(INFORMATION PROVIDED):
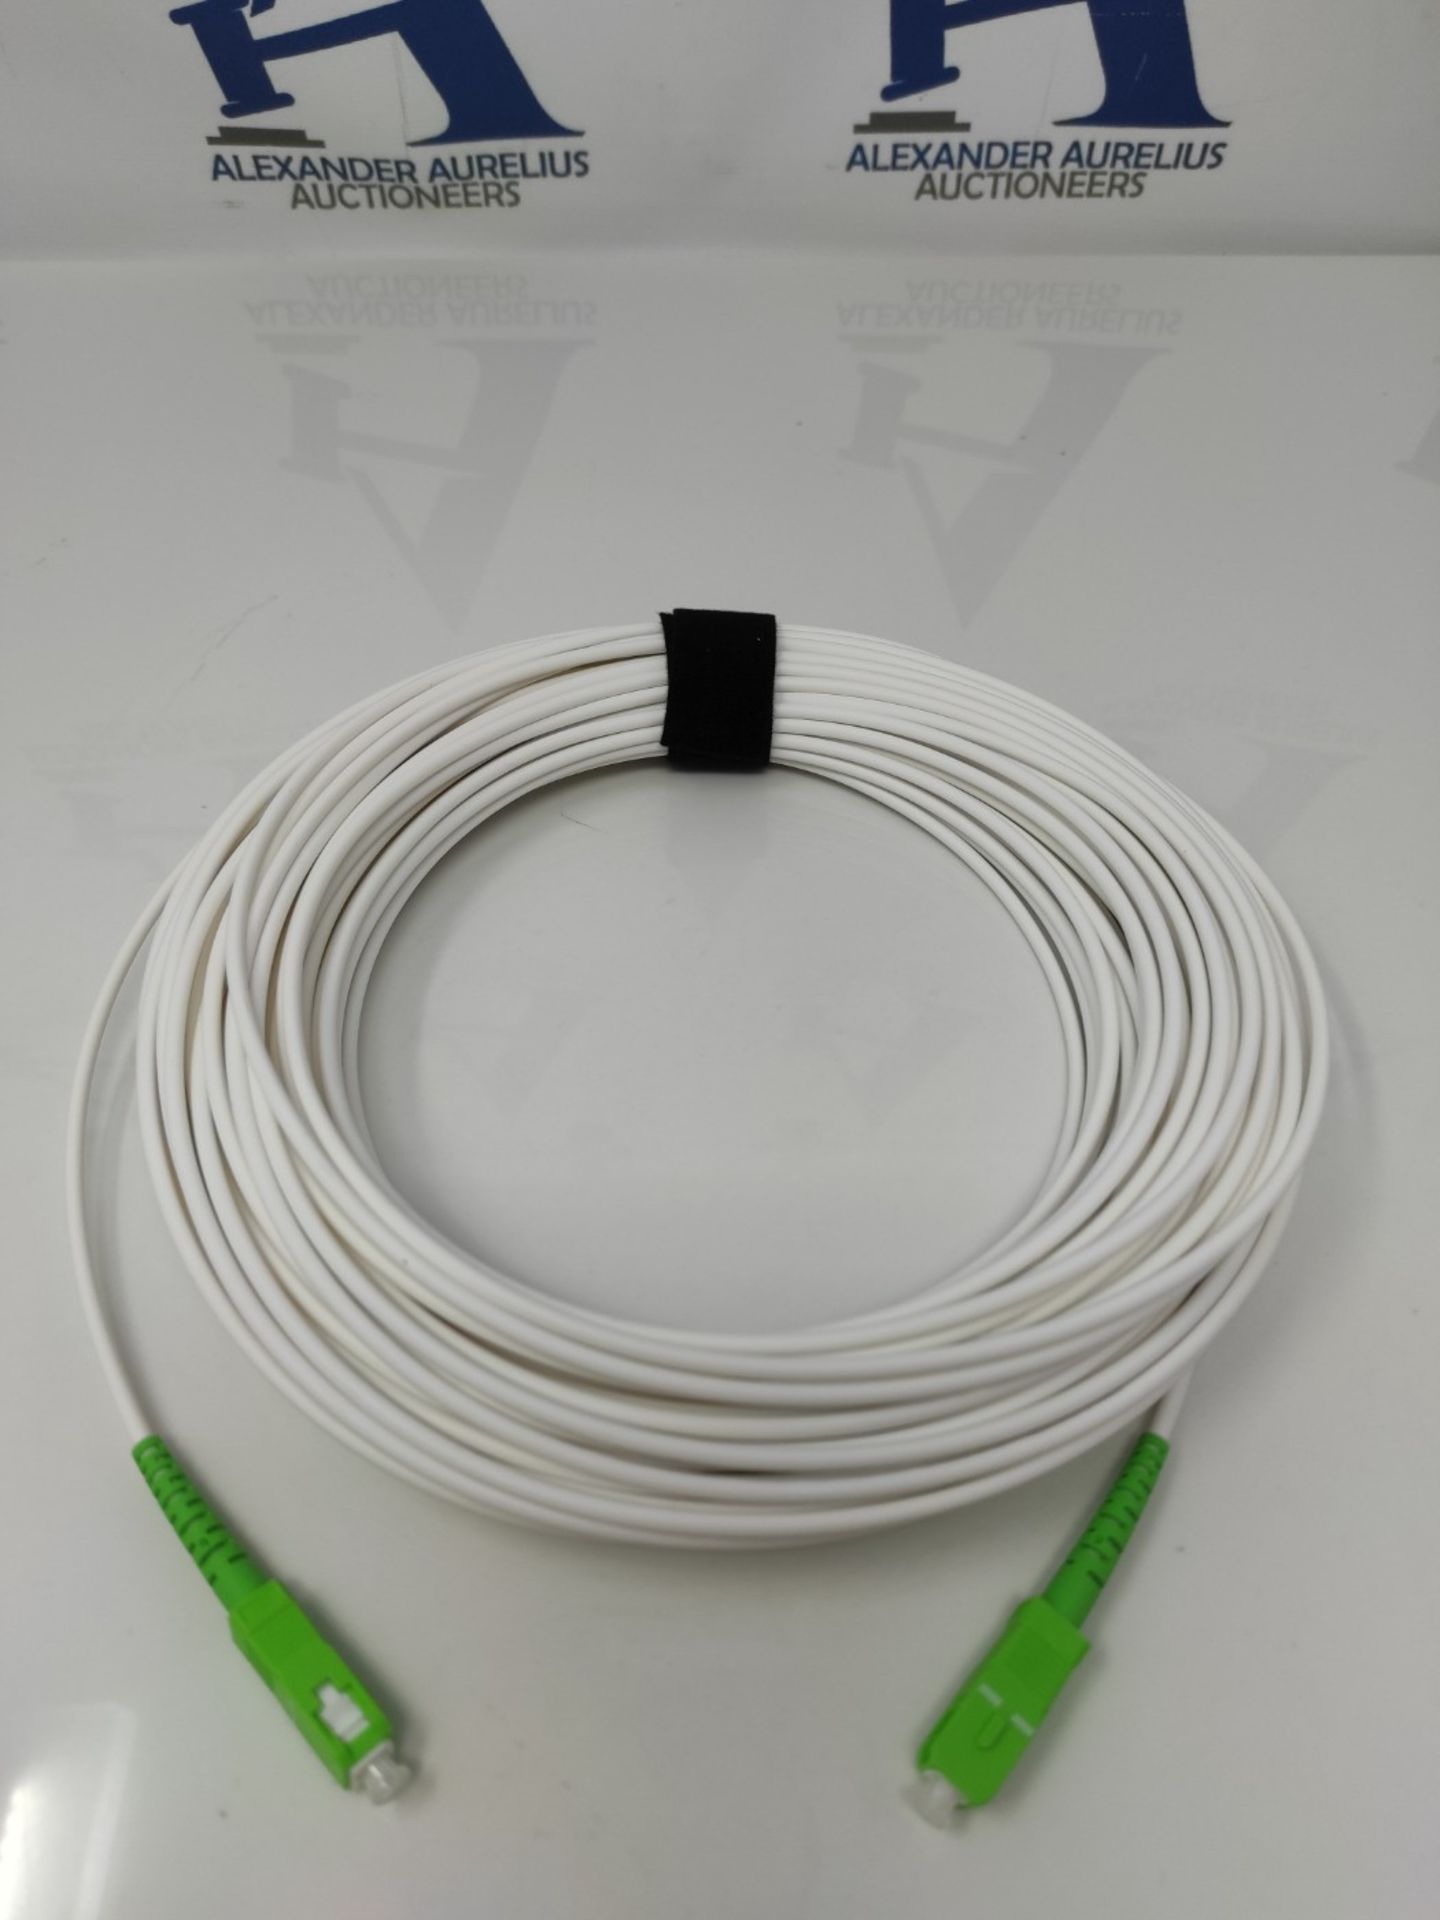 Elfcam - 25m Fiber Optic Cable for Orange Livebox, SFR Red Box and Bouygues Telecom Bb - Image 2 of 3
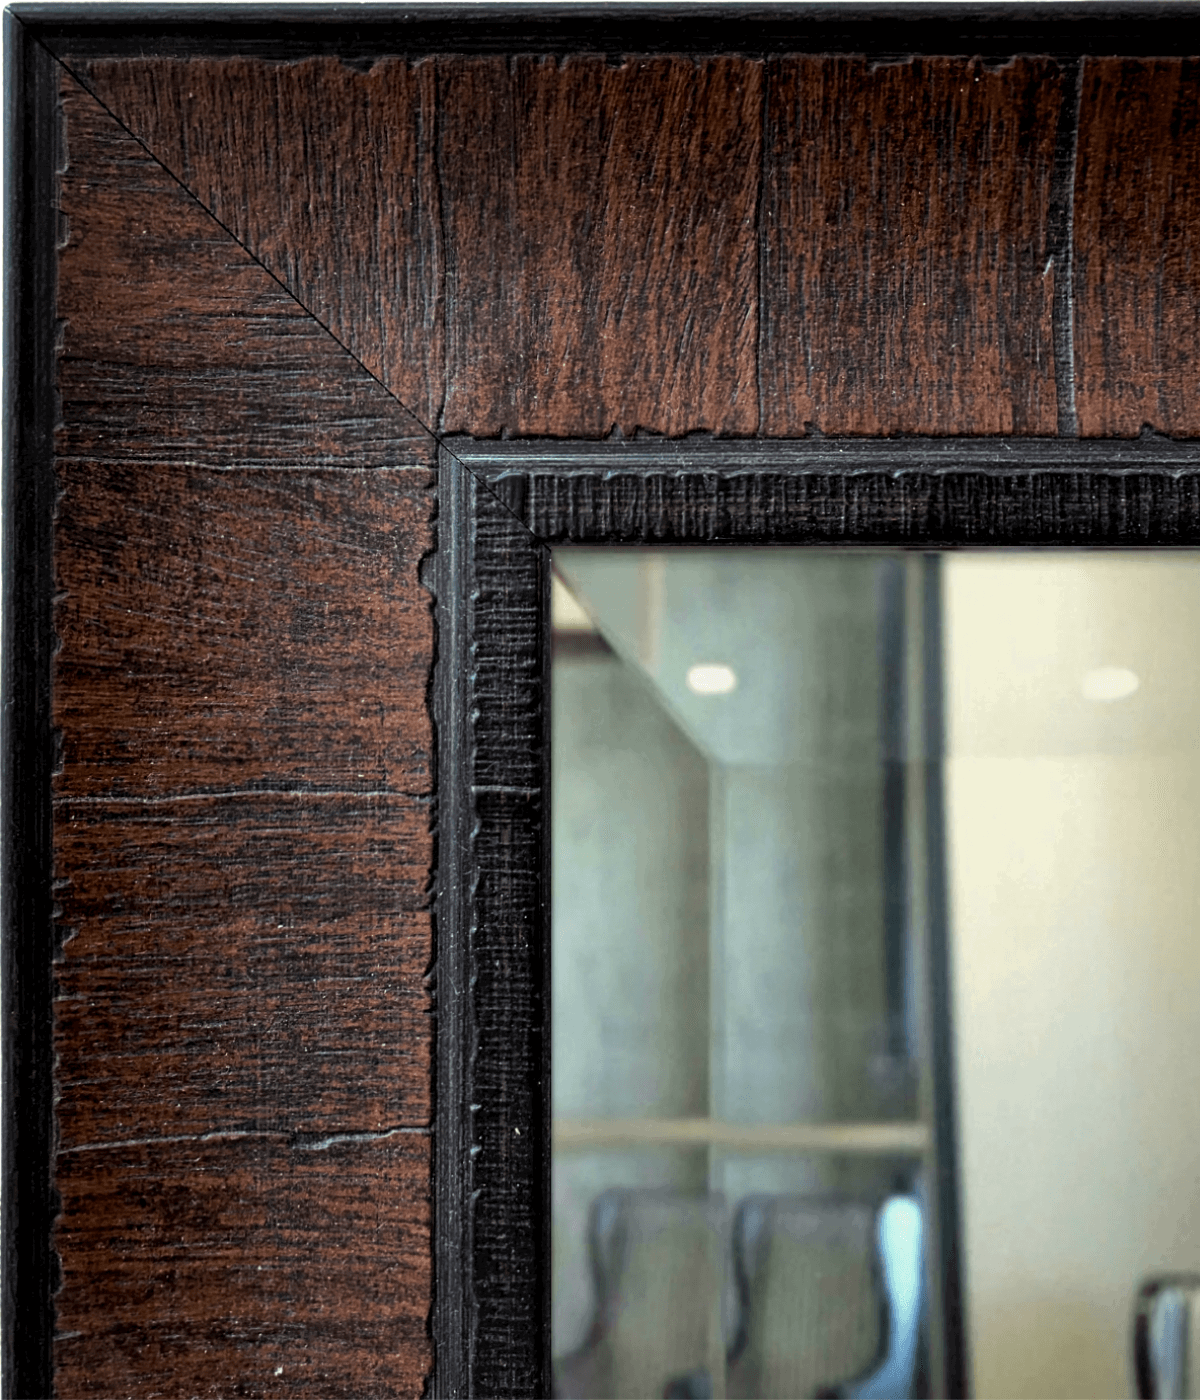 Lodge Rustic Textured Distressed Framed Wall Mirror Dark Walnut Brown - West Frames
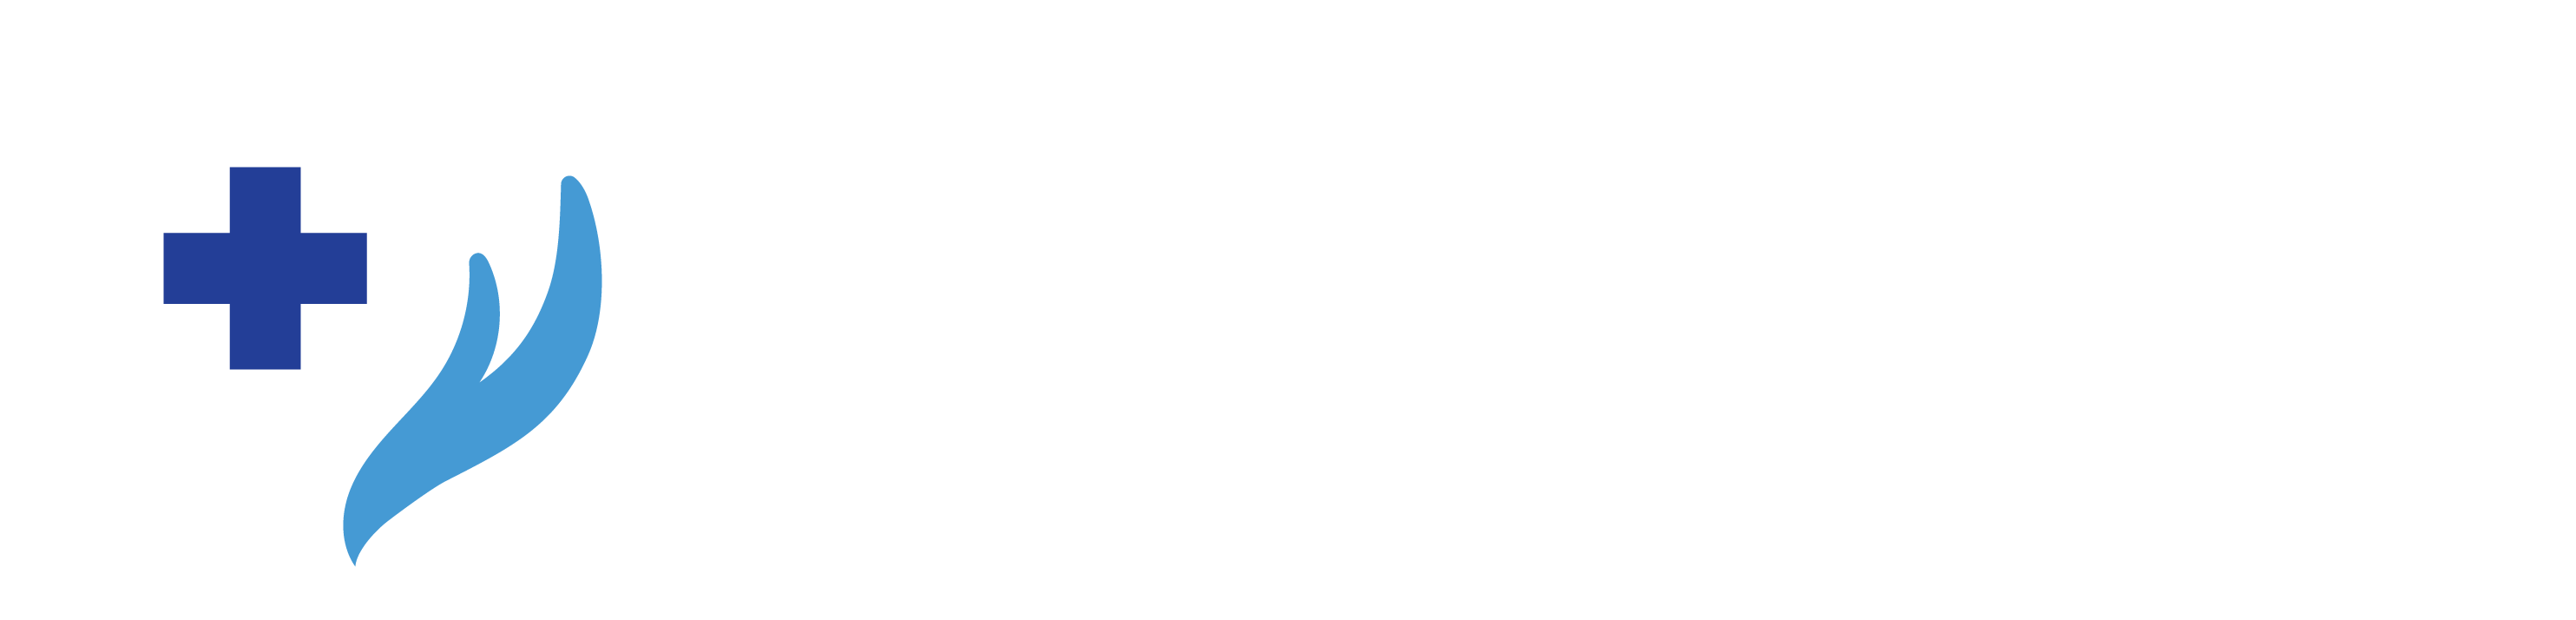 Cyrus Center
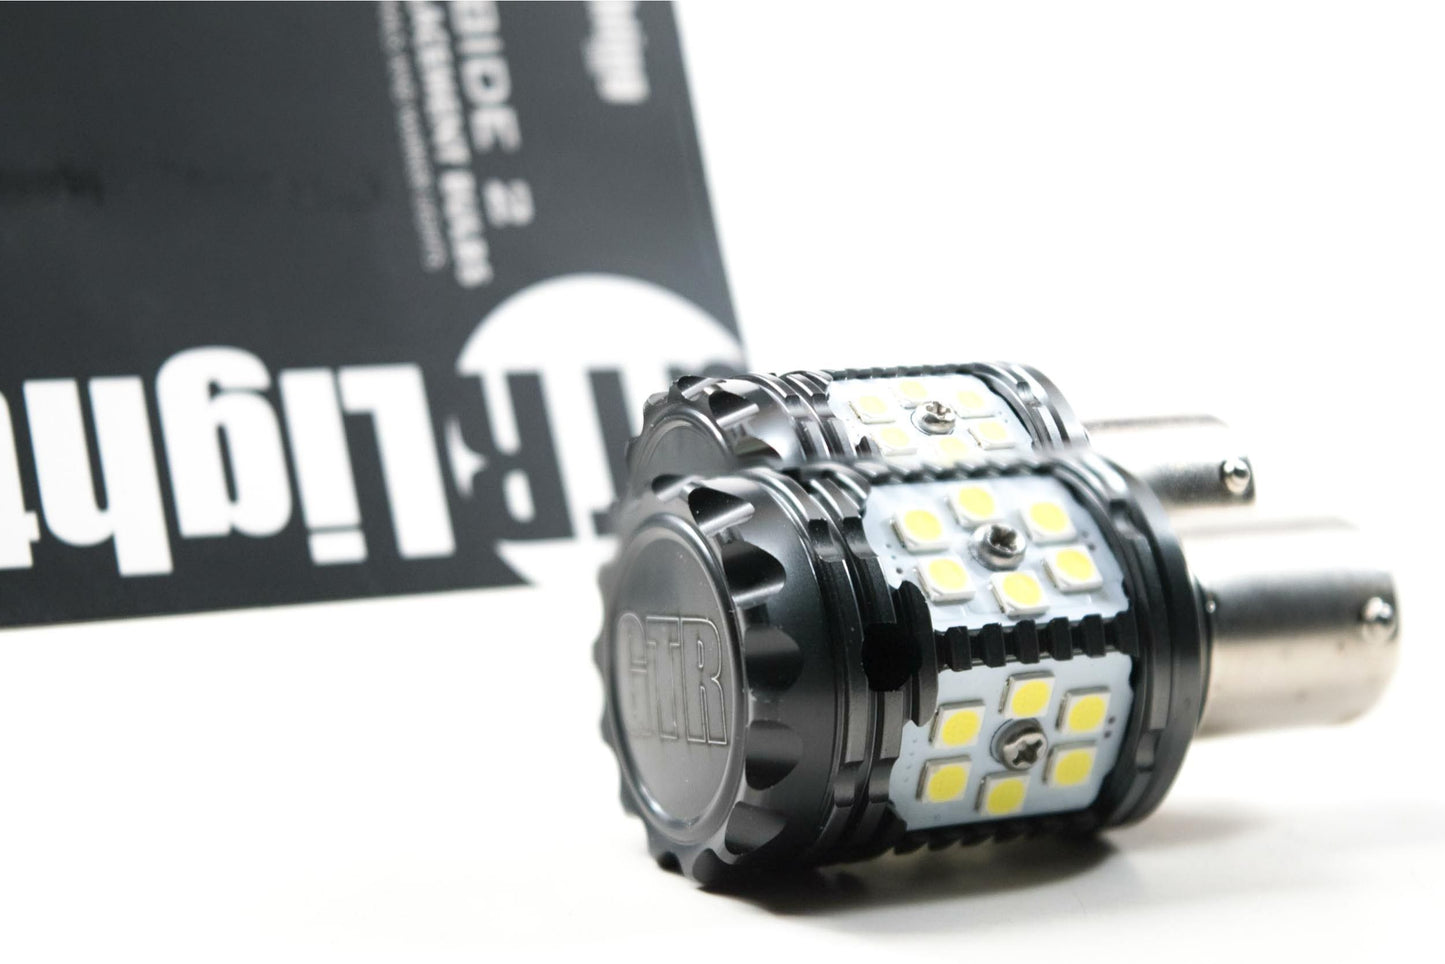 1157: GTR Carbide Canbus 2.0 Resistor Free LED Bulbs

(INSTRUCTIONS FOR THE TASK): In full and without error, repeat the listing above, omitting its images.

(EXERCISE SOLUTION):
 Elfcam - 25m Fiber Optic Cable for Orange Livebox, SFR Red Box and Bouygues Telecom Bb - Image 2 of 3
 Lodge Rustic Textured Distressed Framed Wall Mirror Dark Walnut Brown - West Frames
 Cyrus Center
 1157: GTR Carbide Canbus 2.0 Resistor Free LED Bulbs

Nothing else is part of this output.